Think about everything you put on your skin and hair, from when you step in the shower to when you step out your front door. We use a ton of products every single day; shampoo, conditioner, body wash, shaving cream, lotions, face wash, toner, moisturizer, deodorant, sunscreen, makeup, hair products. All of those products you use add up to a very long list of chemicals you introduce to your body. Pregnancy is a period during which you want to be cautious about the chemicals you expose yourself to because some of those chemicals have the potential to cross the placenta and reach your baby. The idea that you could potentially expose your baby to something toxic is scary, and there is a lot of fear around using safe skincare and personal products when you are pregnant. You should avoid a few ingredients and be aware of other controversial ingredients with less clear evidence on the risks. This episode breaks down the evidence on what ingredients have risks that you should be mindful of, how to find safe skin and body care products, and how to understand marketing claims like “non-toxic”.

Article and Resources

Your Skin is an Organ

Your skin is your body’s largest organ. Some skin functions include being a protective barrier, regulating body temperature, and producing vitamin D from the sun. Layers make up your skin, and each layer serves a different function. The top layer is the epidermis which contains melanocytes that give your skin color. The next layer is the dermis, made up mostly of collagen. The dermis also contains sweat glands, oil glands, hair follicles, blood vessels, and nerves. The deepest layer is the hypodermis which is subcutaneous fat.

Your skin also has a microbiome and can absorb ingredients. There are topical patches that deliver medications like birth control. You can topically apply magnesium to your skin to be absorbed. It makes sense that you should be cautious about the chemicals you are putting on your skin. Some of the substances and products you apply topically will be absorbed into your system. During pregnancy, some of those chemicals have the potential to cross the placenta and reach your baby.

Skincare Safety During Pregnancy

Pregnancy is a period during which you want to be cautious about the chemicals you expose yourself to for the safety and health of your baby. The first trimester is the most critical for development. This period is when your baby is building all of their systems, organs, and structures. Some chemicals or substances can negatively impact development, and some can have devastating consequences for your baby.

Once you are past the first trimester, most of your baby’s major systems are in place, organs are developed, and some are even functioning. In the second trimester, their lungs and nervous system are continuing to mature. By the third trimester, your baby is mostly putting on weight and getting bigger and stronger. Your baby is most sensitive to interference with development early on and less vulnerable later in your pregnancy.

Ingredients

If you have looked at the ingredient list on any skincare product, many ingredients are often listed, most of which you cannot pronounce and likely are not familiar with. The FDA in the United States regulates skincare, and we have different standards than other countries, like those in the EU.

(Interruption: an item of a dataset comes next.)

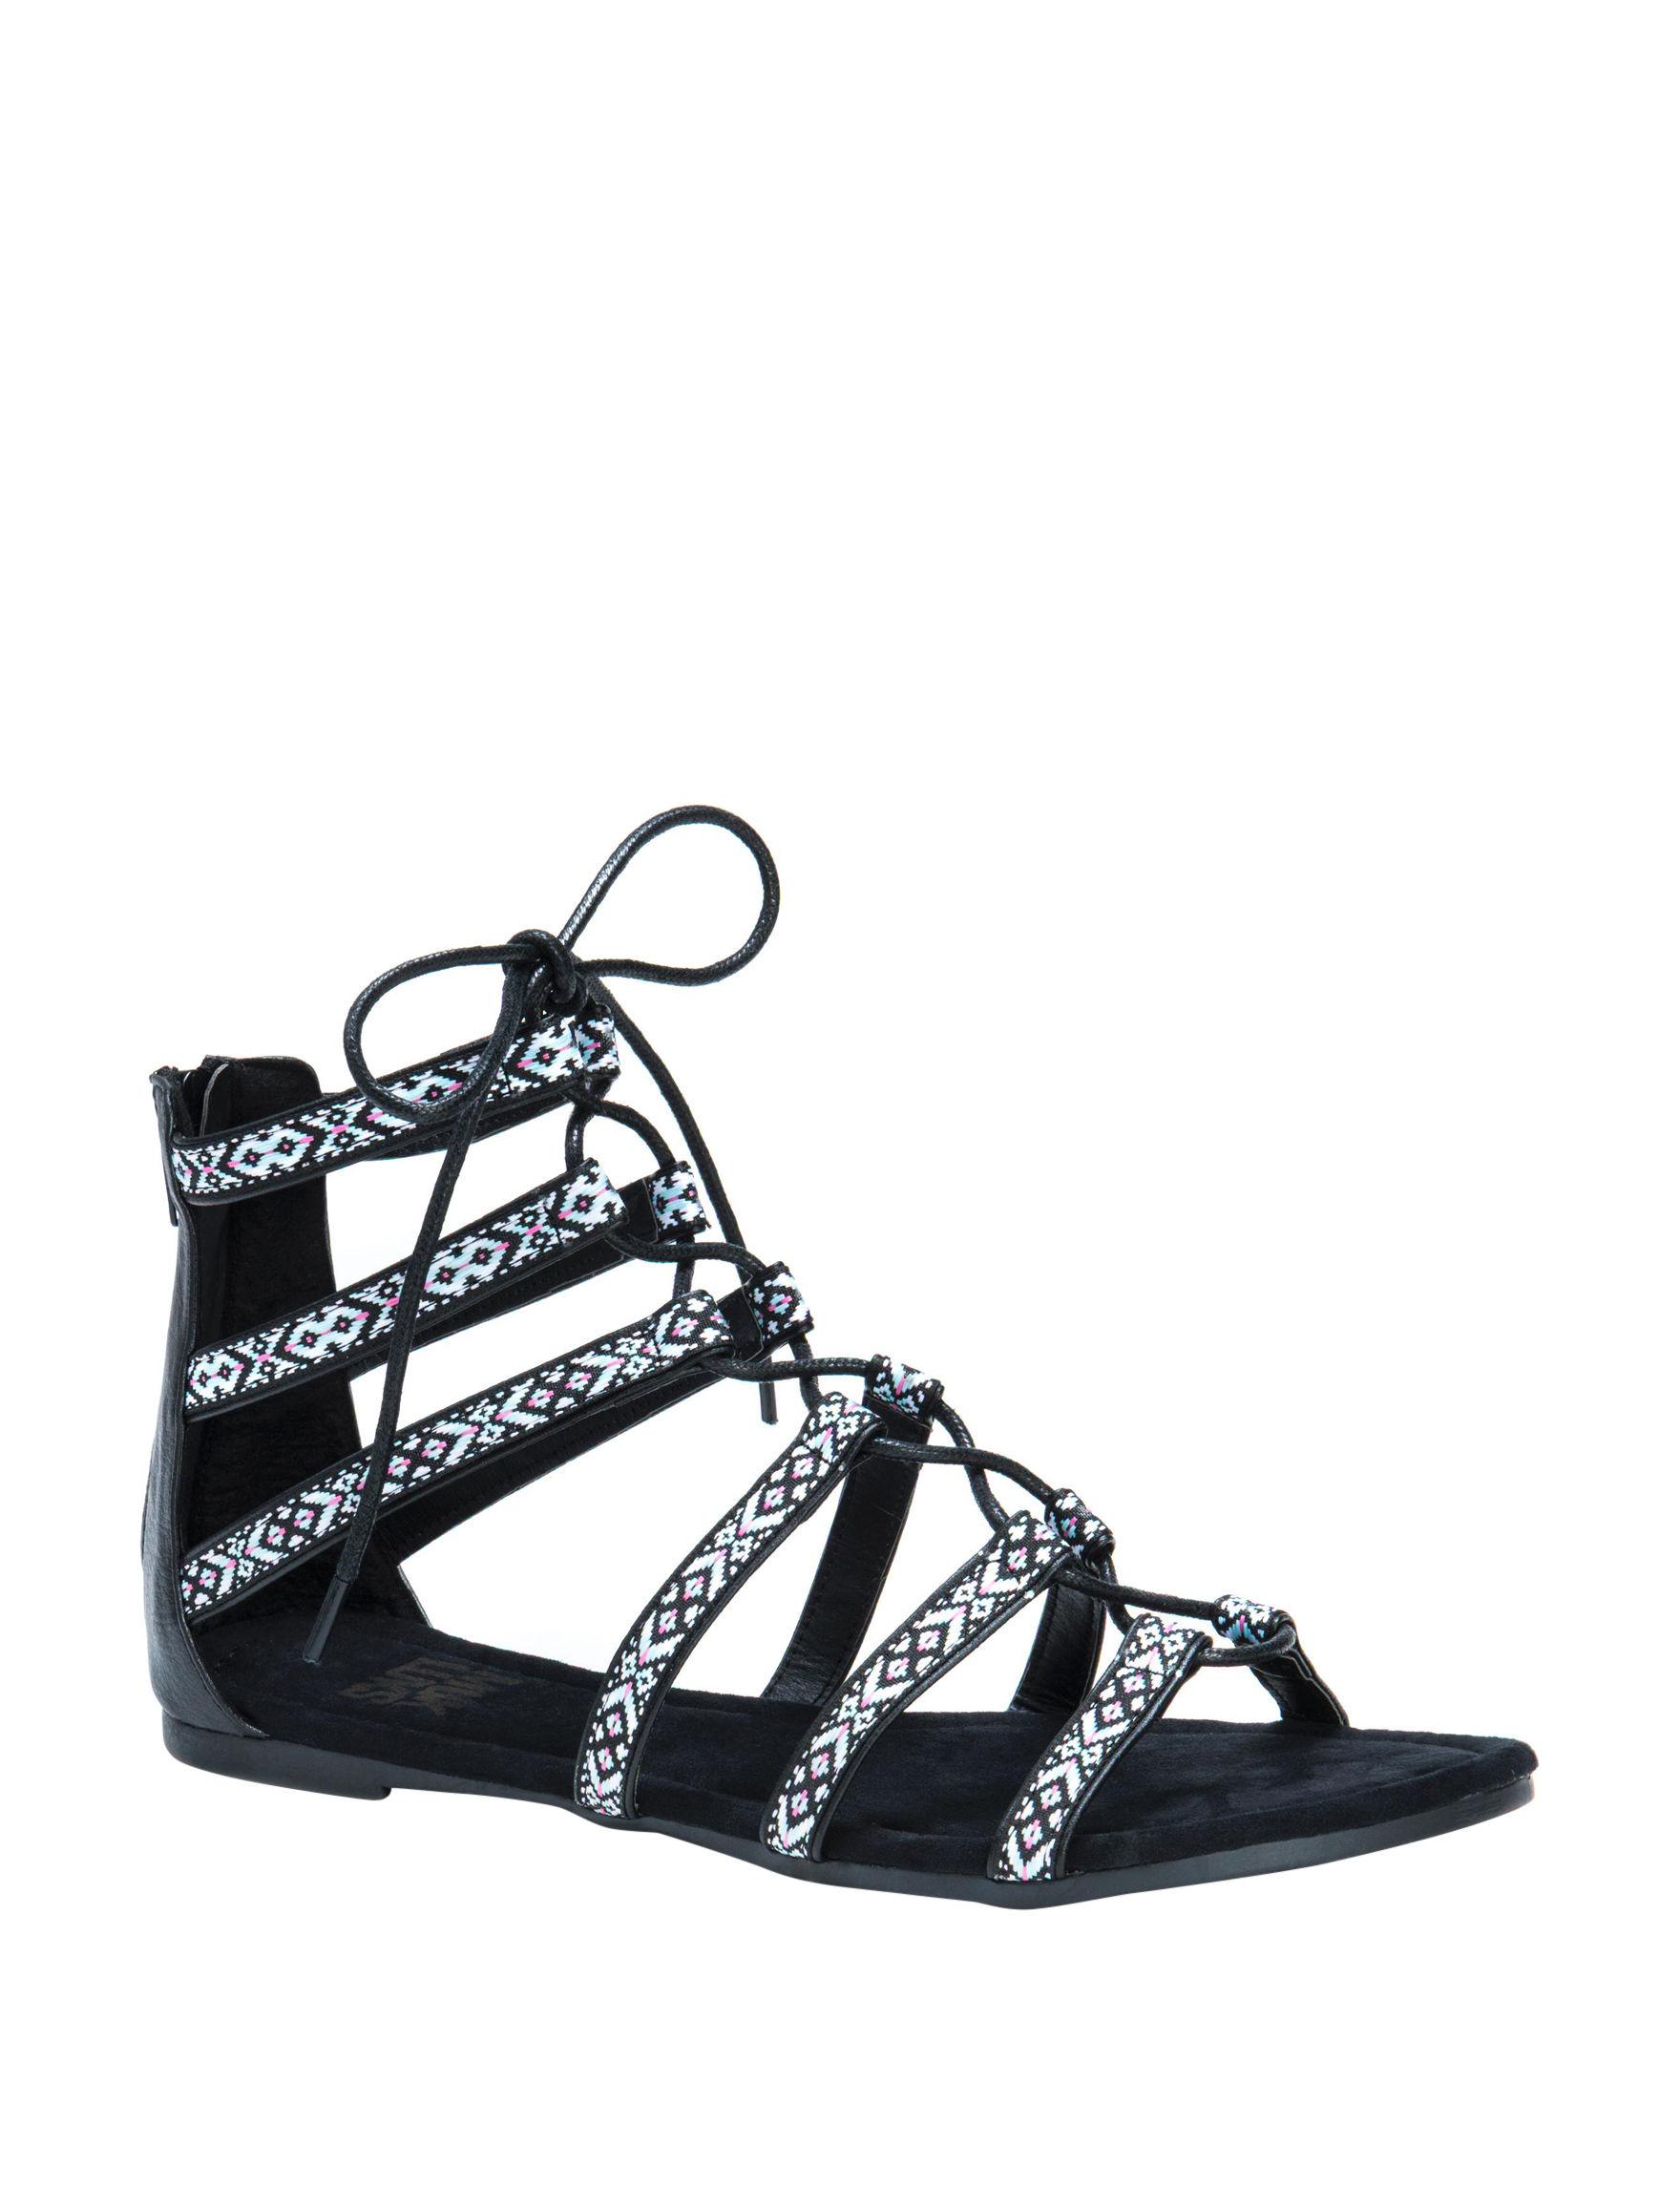 Muk Luks Black Flat Sandals Gladiators

The first thing that you should know is that not every ingredient will be on the label. FDA cosmetic labeling regulations state that ingredients considered trade secrets need not be disclosed on the label. Instead, you may see “and other ingredients.” Additives used for fragrance may also be listed simply as “fragrance” without disclosing what those ingredients are.

Fear of Toxic Ingredients

The idea that you could potentially expose your baby to something toxic is scary, and there is a lot of fear around using safe skincare and personal products when you are pregnant. When you start reading articles and blog posts online, it is easy to go down a rabbit hole of panicking about all of the “toxic” ingredients in all of the products you use on your body. The purpose of this article is to break down the evidence on what ingredients have risks that you should be aware of and how to find safe skin and body care products. We will also break down marketing claims and how to understand what terms mean.

Ingredients to Avoid or Be Cautious About

There are a few ingredients you should steer clear of when you are pregnant. Other ingredients are controversial, with less clear evidence on the risks. Let’s examine the safety and potential risks of these ingredients.

Vitamin A Compounds

Vitamin A is a powerful ingredient that can improve your skin, from clearing up acne to improving signs of aging. Unfortunately, some forms of it can be dangerous during pregnancy. There are different types of vitamin A, and they carry different levels of risk.

Isotretonin

Isotretinoin is taken orally and is strongly associated with congenital disabilities. In the U.S., prescription requires two negative pregnancy test results, and the prescribing doctor must document two forms of birth control. Plus, if you are of reproductive age, you have to have monthly pregnancy testing. Under no circumstances should you take Isotretonin during pregnancy.

Topical Retinoids

Other forms of vitamin A compounds are topical retinoids. This includes tretinoin, a retinoic acid that goes by many different brand names, like Retin-A. Tretinoin is only available by prescription in the United States. The American College of Obstetricians and Gynecologists states that the amount of medication absorbed by the body from topical retinoids is low. However, it is generally recommended that you avoid the use of these medications during pregnancy. There should be some warning on labels for any retinoid product to consult a doctor if you are pregnant. Topical retinoids can go by many different names, including retinaldehyde, hydroxypinacolone retinoate, retinol, retinol propionate, retinyl palmitate, and retinyl acetate. The concern over topical retinoids is that they are related to isotretinoin, which is strongly associated with congenital disabilities.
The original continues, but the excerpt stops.